8.4 Customer shall provide TMS at all times with the requested information concerning the products sold under retention of title or claims which have been assigned to TMS hereunder. Attachments of or claims against the products sold under retention of title through third parties must be reported immediately by Customer to TMS upon provision of the necessary documentation. Customer shall simultaneously inform the third party of TMS’ retention of title. The costs of averting such attachments and claims shall be borne by Customer.

8.5 Customer is obligated to treat the products sold under the retention of title with care for the duration of such retention of title.

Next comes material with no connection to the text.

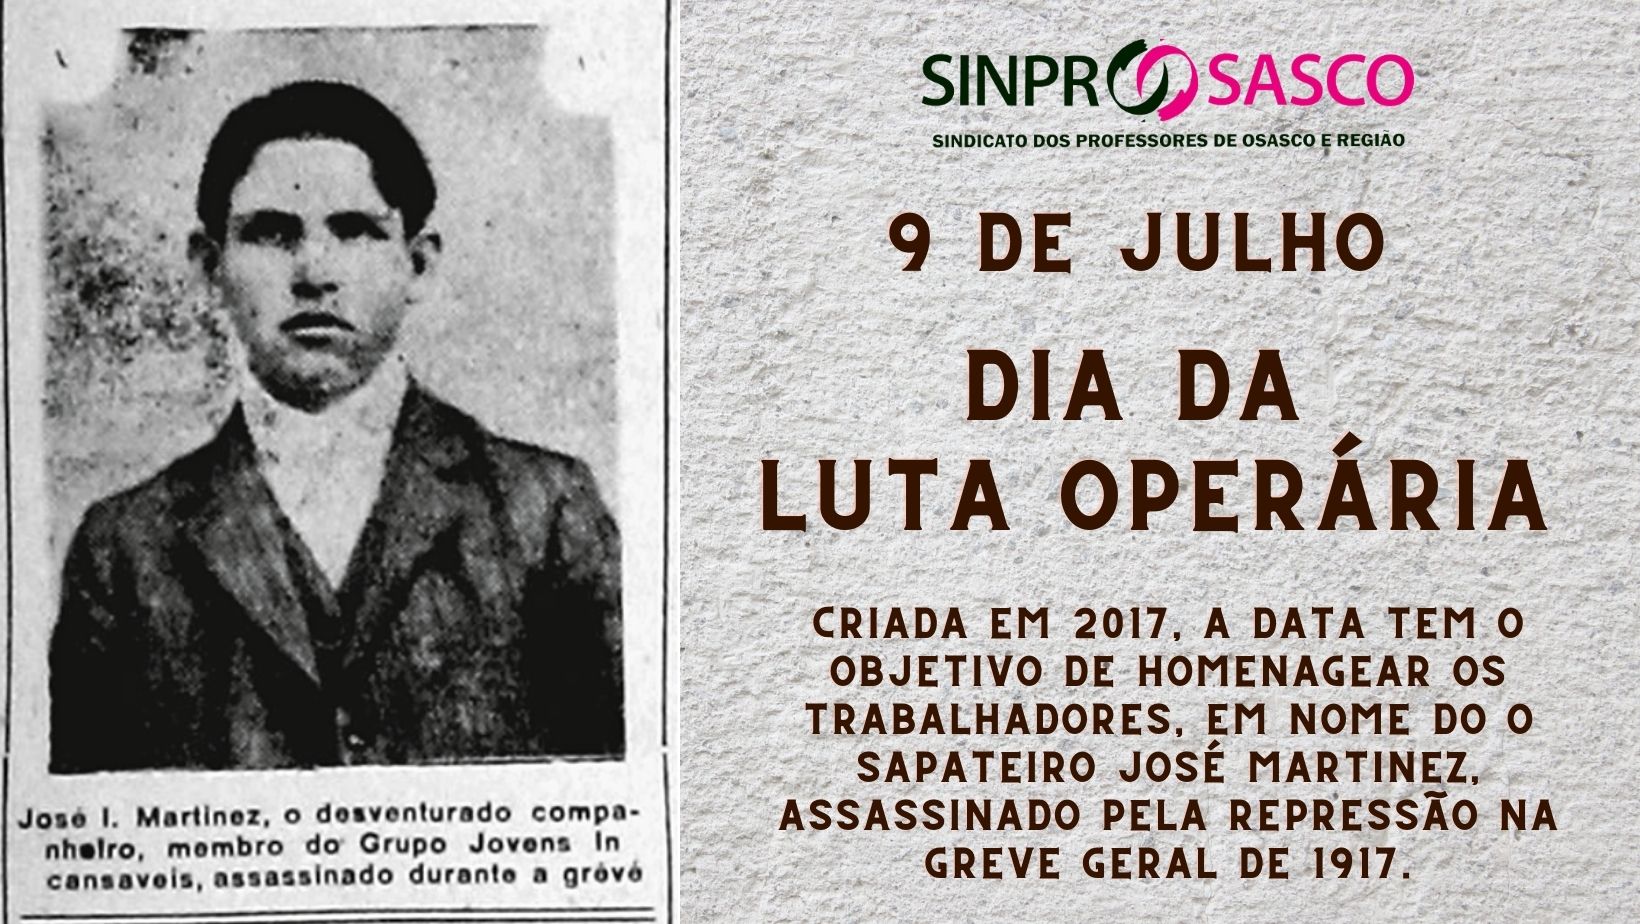 9 de JULHO: Dia da Luta Operária

8.6 Should the realisable value of the collateral exceed the total amount of TMS’ receivables to be secured by more than 10 % Customers shall be entitled to demand a release of collateral to such extent.

8.7 Should Customer be in default of a material obligation such as payment to TMS, TMS may take back any products sold under the retention of title without prejudice to any other rights it may have and otherwise realise such products for the purpose of satisfying its receivables due for payment by Customer. In this case Customer shall provide TMS or its representatives immediate assess to the products sold under retention of title and surrender the same. Should TMS demand a surrender of goods under the provisions of this clause, this shall not be deemed to be a rescission of contract.

8.8 In the event of deliveries to other jurisdictions in which the foregoing arrangements governing the retention of title do not have the same effect of securing right as in Germany, Customer shall do everything to create corresponding rights of security for the benefit of TMS. Customer shall cooperate, for example, in the registrations, public notices and the like required for and expedient to effectuating and enforcing such rights of security.

8.9 Customer is obligated to reasonably insure the products sold under retention of title. Upon TMS’ request, Customer shall provide TMS with equivalent insurance certificates and shall assign the claims under the insurance contract to TMS in the amount of TMS’ respective remaining claim.

9. Product Liability

Should Customer sell the subject of delivery unaltered or following processing, union, mixing or confusion with other goods, he shall indemnify TMS within his internal relationship with TMS against product liability claims of third parties to the extent he is responsible for the fault causing such liability.

10. Intellectual Property

Should Customer prescribe how TMS is to produce the products to be delivered by providing certain instructions, information, documents, drafts or drawings, Customer shall warrant that no thirdparts rights such as patents, utility models and other proprietary and copyrights shall be infringed by TMS. Customer shall indemnify TMS against all claims of third parties which they may raise against TMS because of such infringement.

11. General Terms and Conditions

11.1 Changes and supplements to the contract and/or these Terms of Delivery, as well as any side agreement, shall require written form. This shall also apply for the modification of this written form requirement.

11.2 If a term of the contract and/or these Terms of Delivery are fully or partially invalid, the other provisions shall remain unaffected. The parties undertake in such case to replace the invalid provision by such valid provision which may come closest to the commercial purpose of the invalid provision.

11.3 If Customer is a merchant, legal entity under public law, the exclusive place of jurisdiction for all disputes arising under the parties’ contractual relationship shall be Frankfurt am Main. This shall also apply if Customer does not have any general place
of jurisdiction in the Federal Republic of Germany or has moved his habitual residence to a foreign country following the conclusion of contract. TMS is entitled, however, to enter actions against Customer at any other statutory court of jurisdiction.

11.4 The law of the Federal Republic of Germany shall apply with the exception of the UN Law of Sales (CISG).